**Exercise requirements:** Leave out all pictures. Extract exactly the lines from the one containing "Few professors would" through the end of the data.

---------- Dataset extract ----------

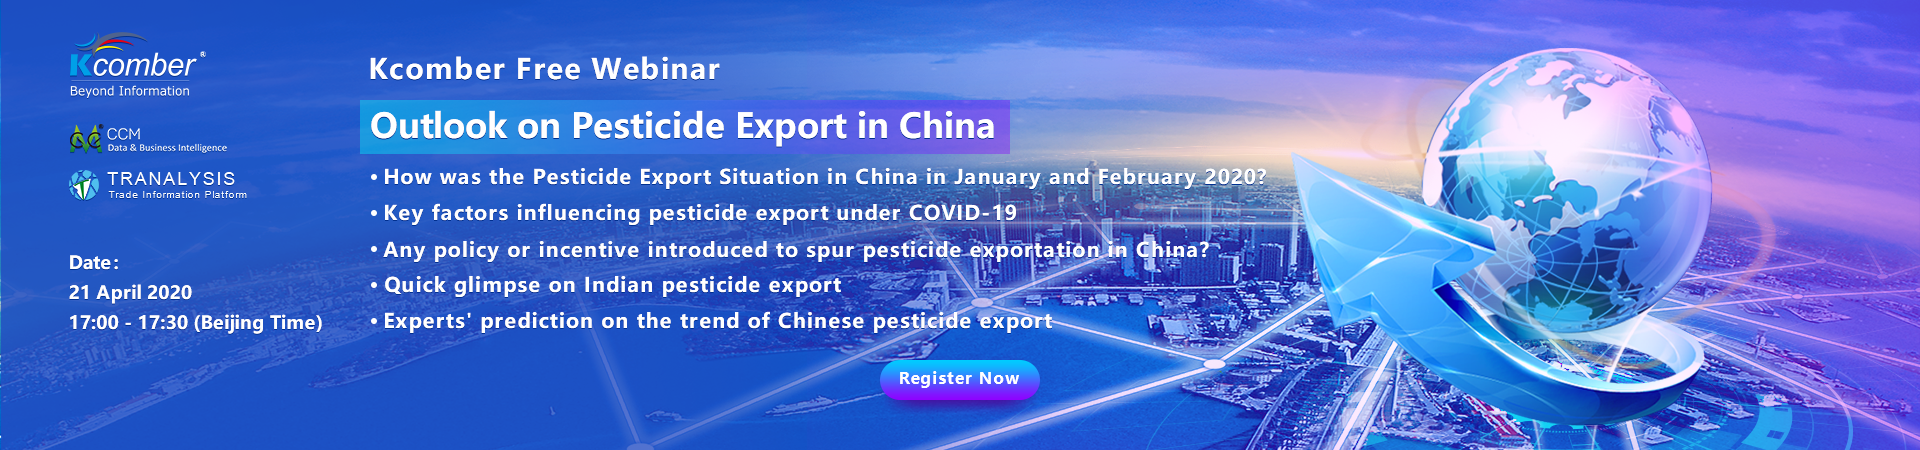 Outlook on Pesticide Export in China
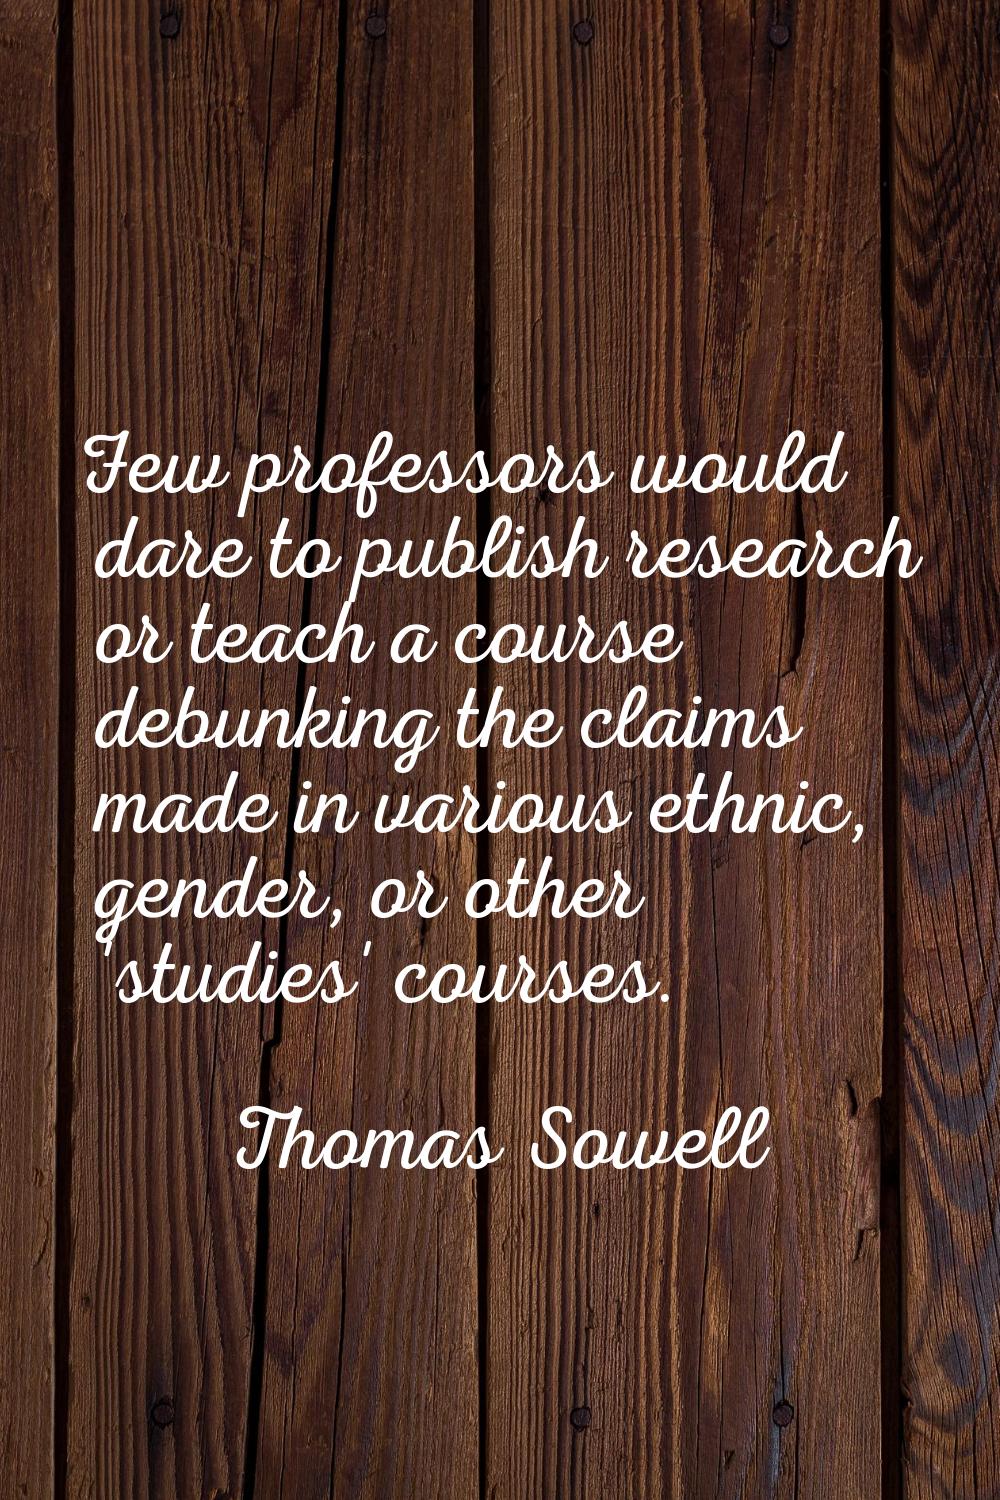 Few professors would dare to publish research or teach a course debunking the claims made in variou
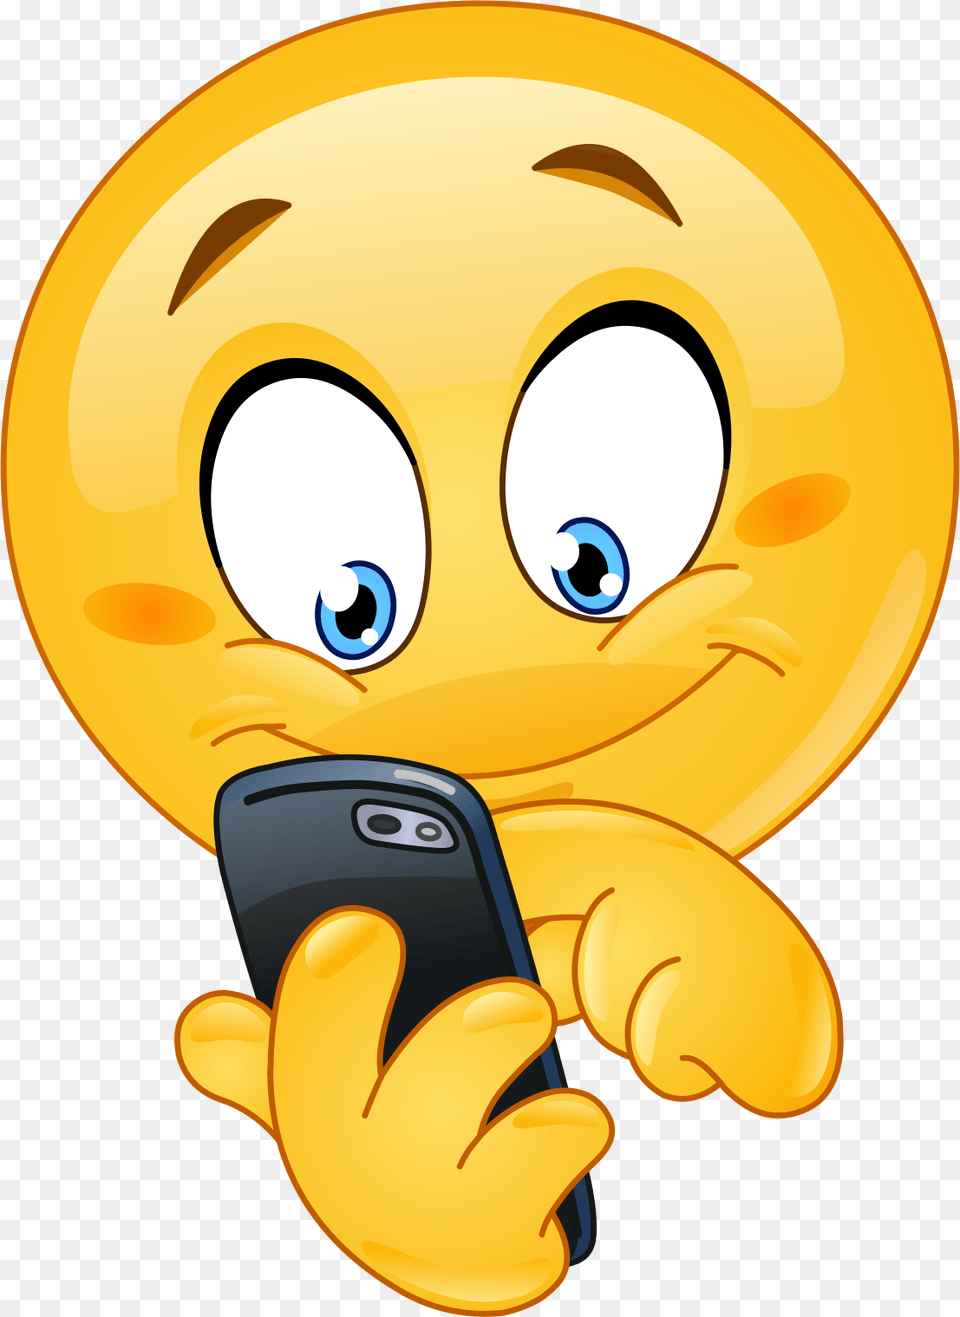 Cell Phone Emoji Decal, Electronics, Mobile Phone Png

----------

**Response to this task:**
 Few professors would dare to publish research or teach a course debunking the claims made in variou
 Cell Phone Emoji Decal, Electronics, Mobile Phone Png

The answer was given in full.